■ TASK DIRECTIONS: Give back the whole listing exactly as written, pictures excluded.

■ DATA SEGMENT:

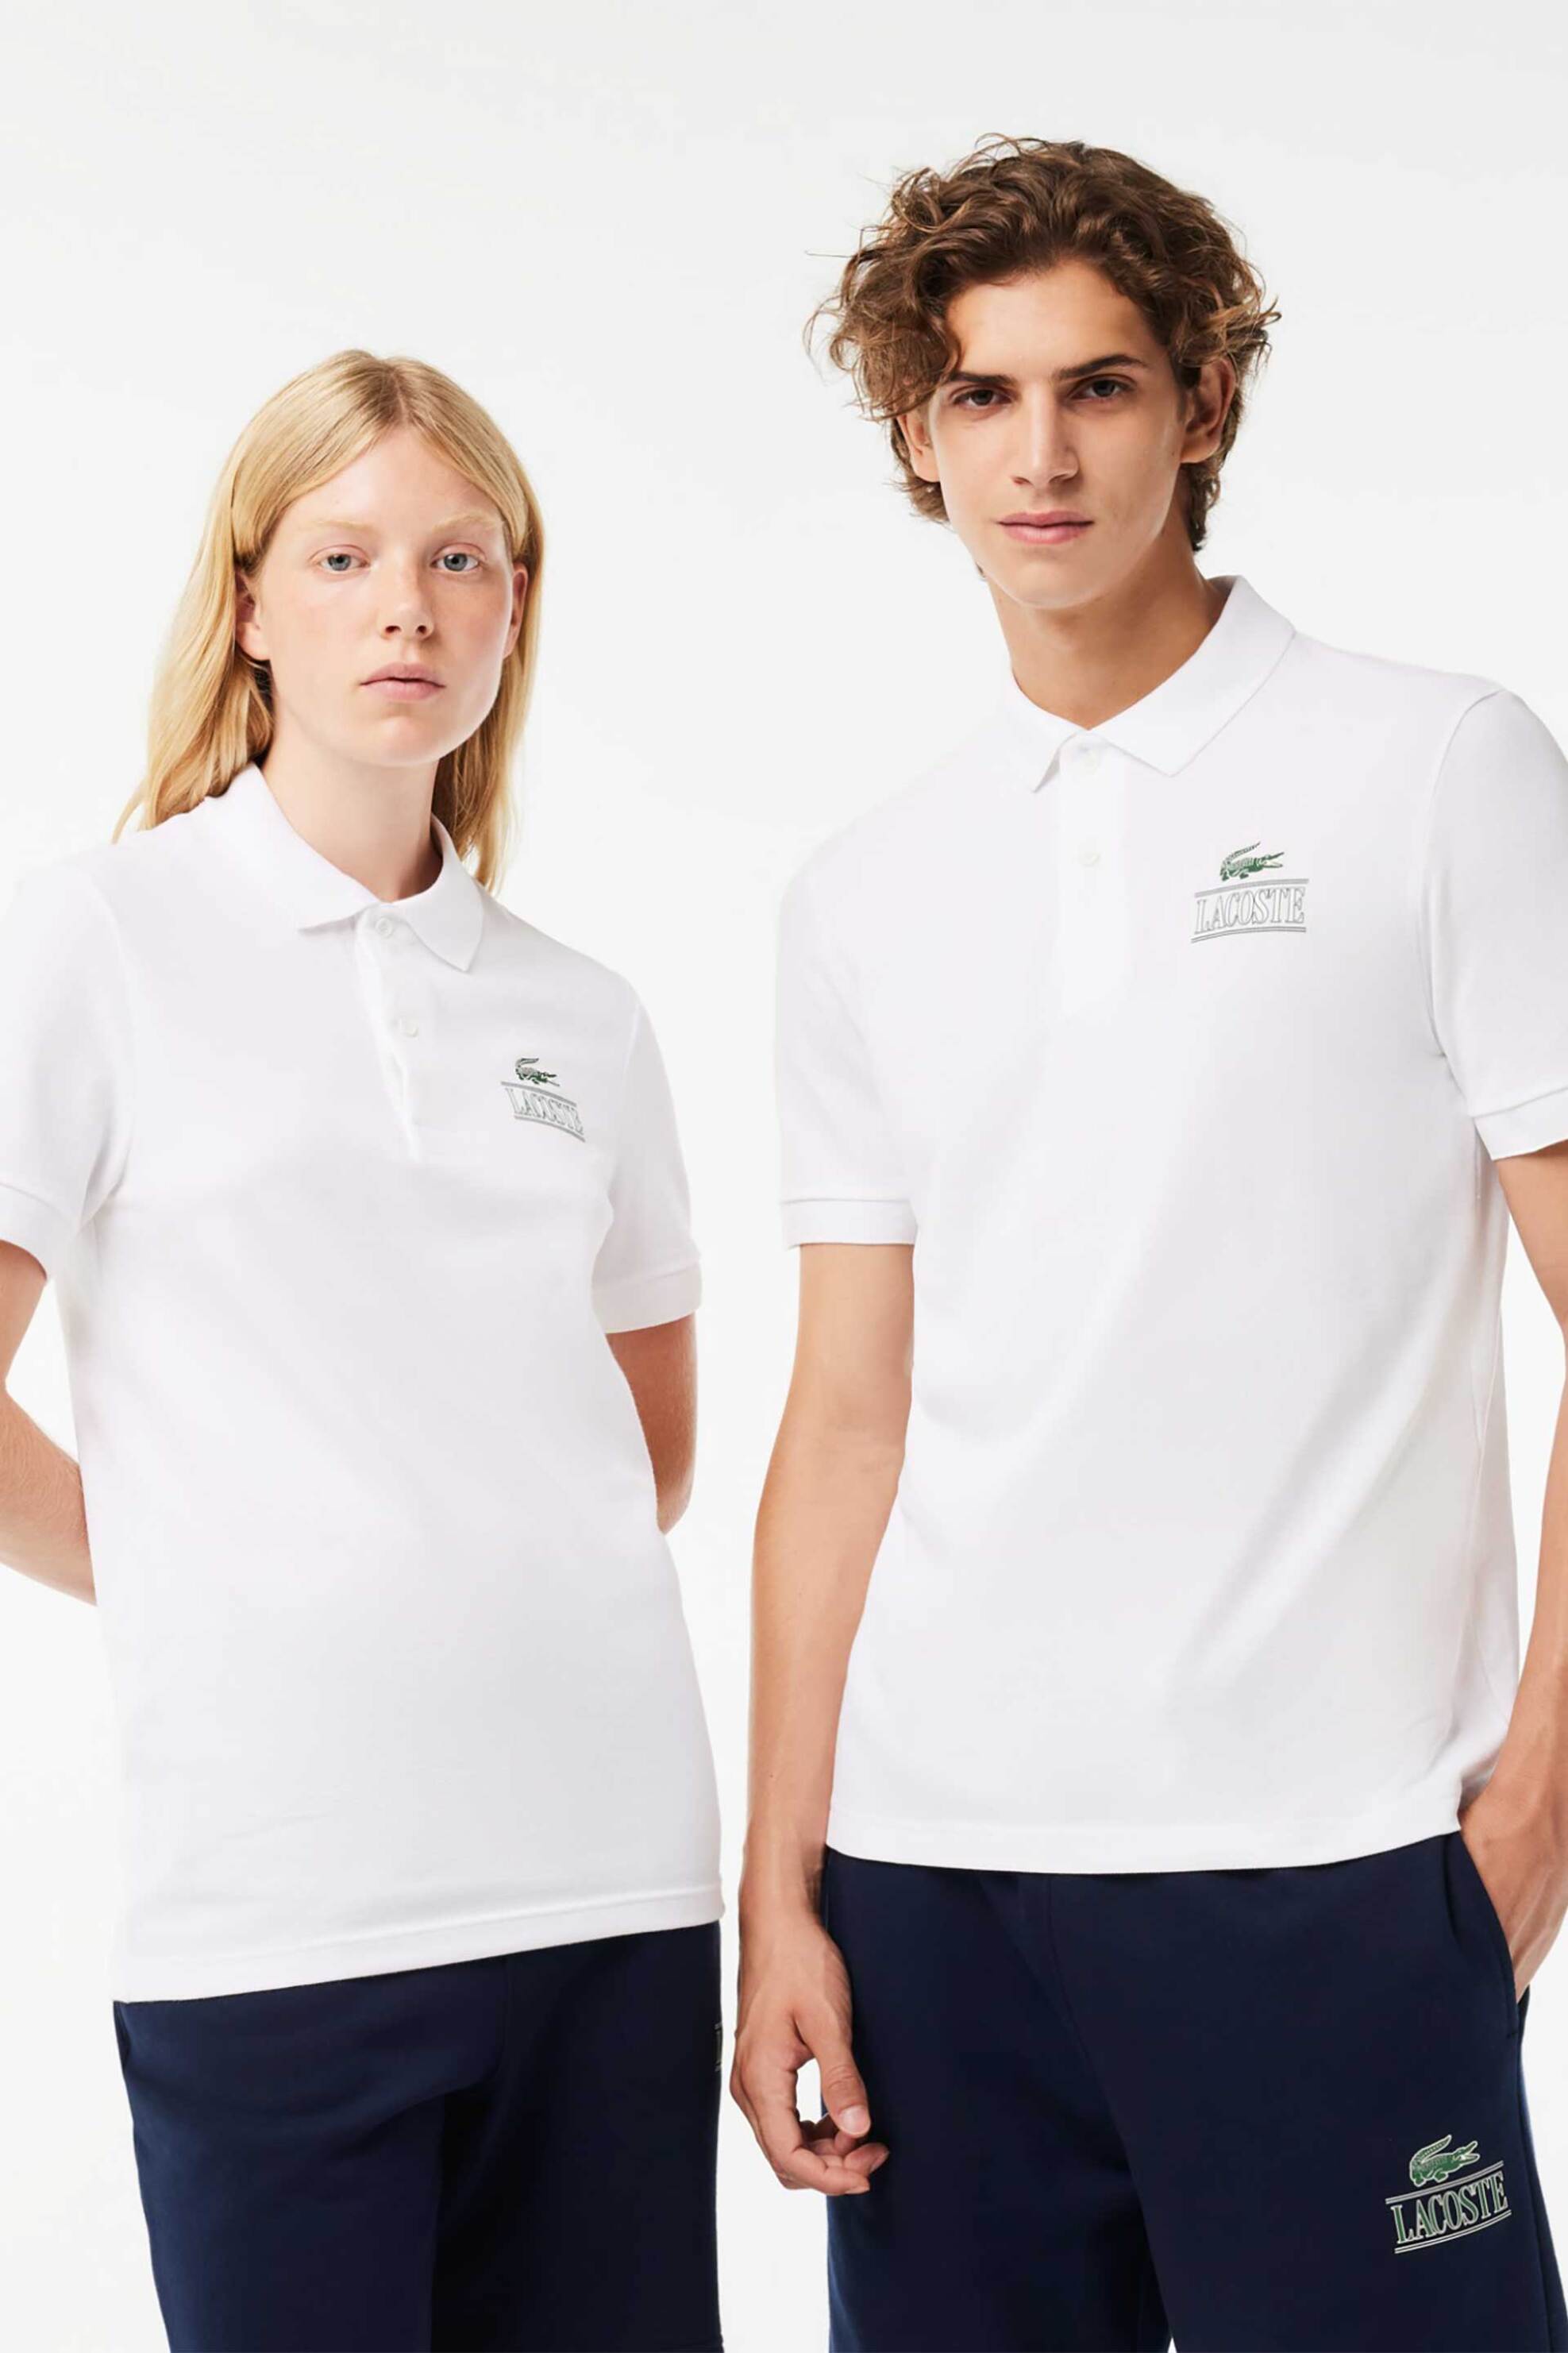 Ανδρική Μόδα > Ανδρικά Ρούχα > Ανδρικές Μπλούζες > Ανδρικές Μπλούζες Πολο Lacoste unisex πόλο μπλούζα πικέ μονόχρωμη με signature print Regular Fit - PH1136 Λευκό
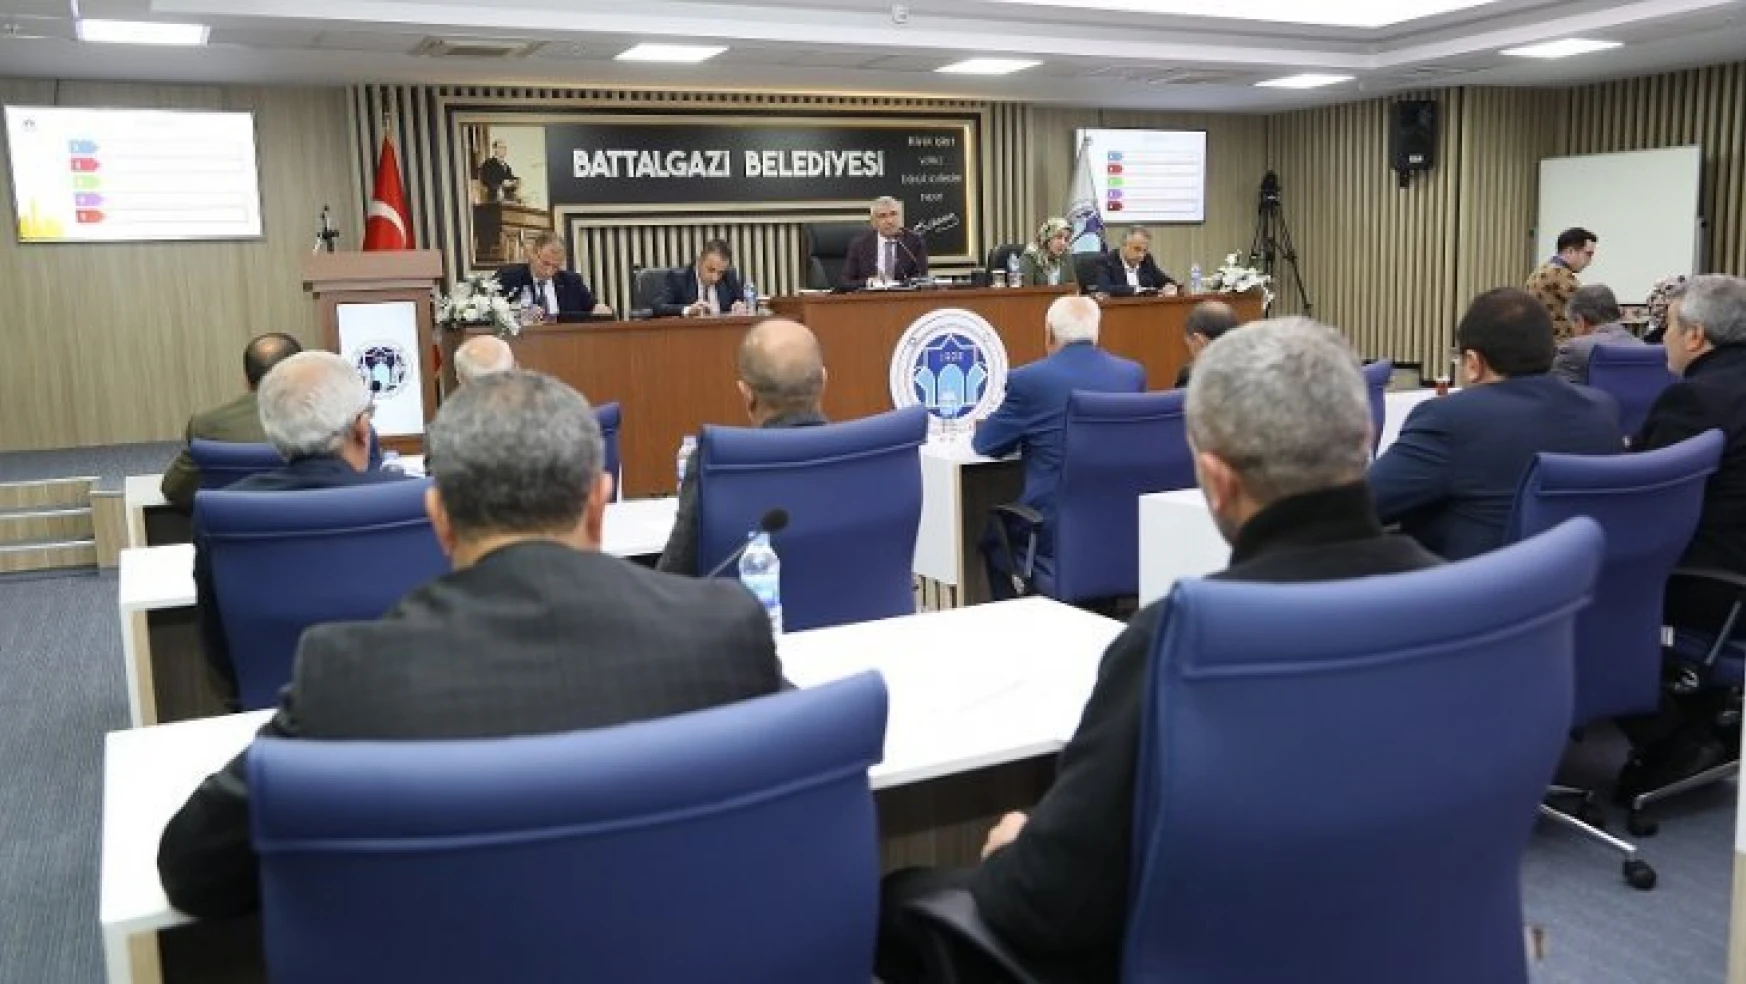 Battalgazi Belediyesi Aralık Ayı Meclis Toplantısı Gerçekleştirildi
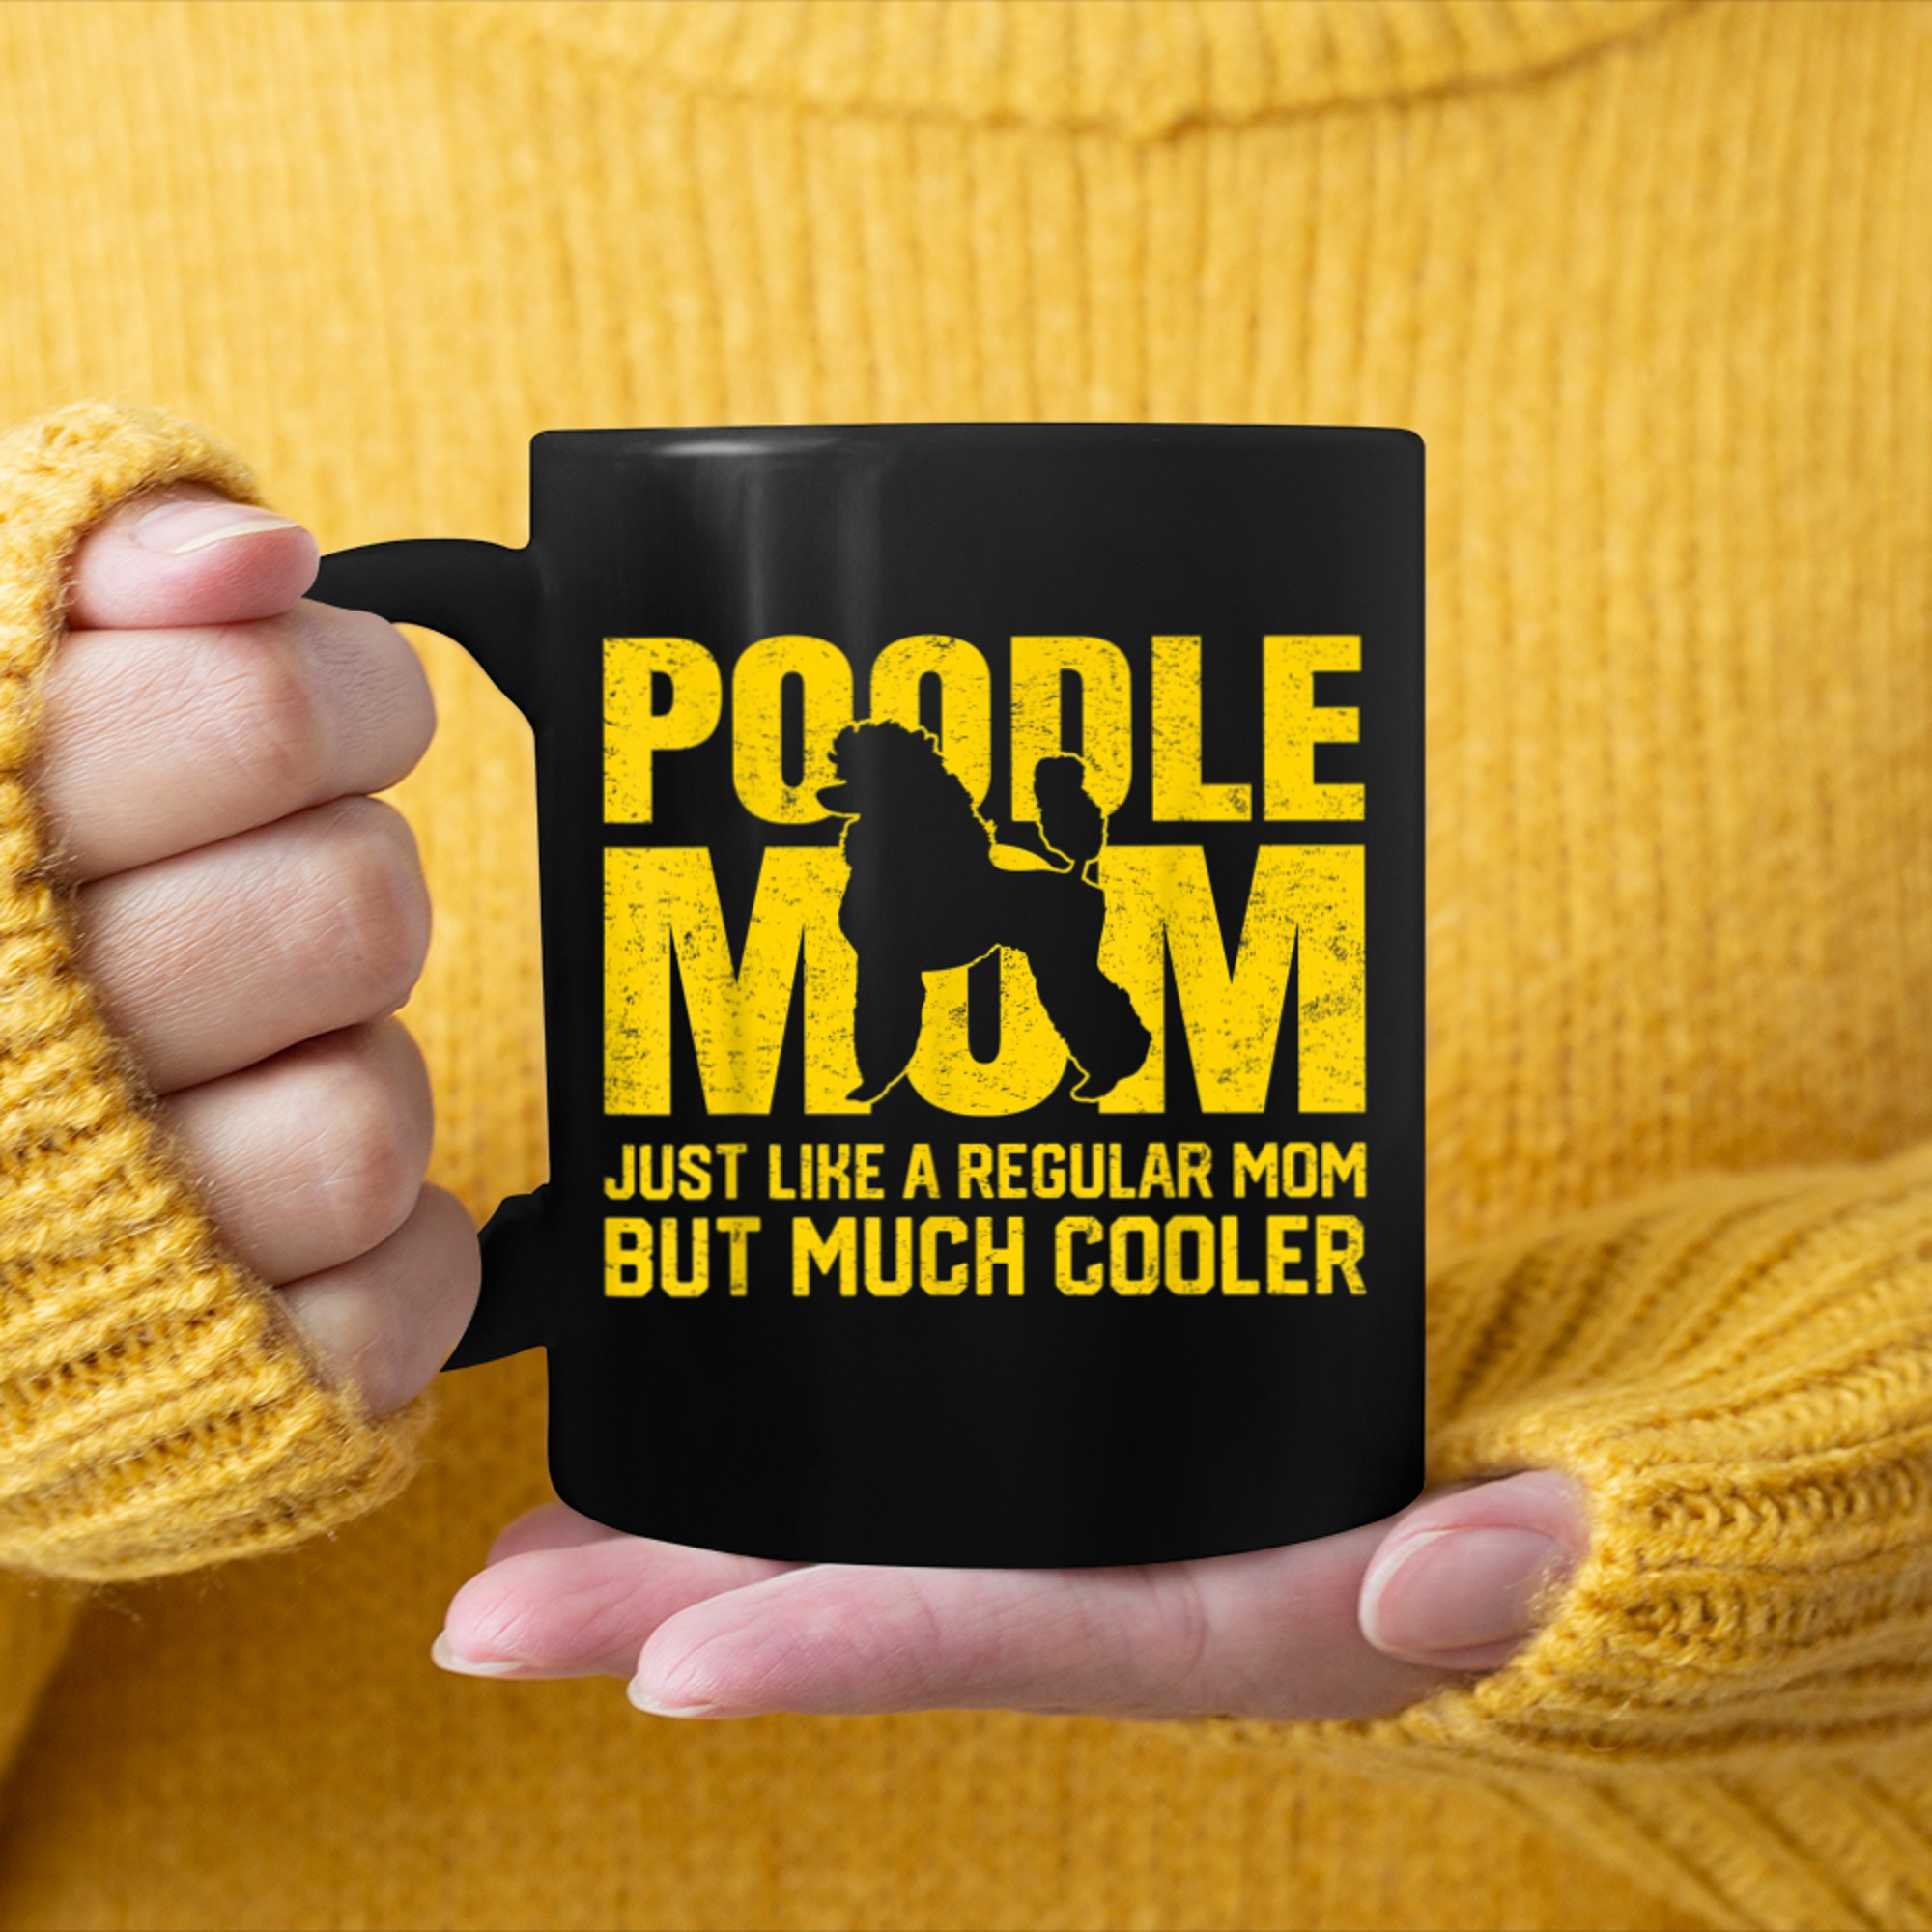 Best Poodle Mom Ever Dog Mother Mom Lover Owner Gifts mug black

■ OUTPUT BELOW:
 Ανδρική Μόδα > Ανδρικά Ρούχα > Ανδρικές Μπλούζες > Ανδρικές Μπλούζες Πολο Lacoste unisex πόλο μπλούζα πικέ μονόχρωμη με signature print Regular Fit - PH1136 Λευκό
 Battalgazi Belediyesi Aralık Ayı Meclis Toplantısı Gerçekleştirildi
 Best Poodle Mom Ever Dog Mother Mom Lover Owner Gifts mug black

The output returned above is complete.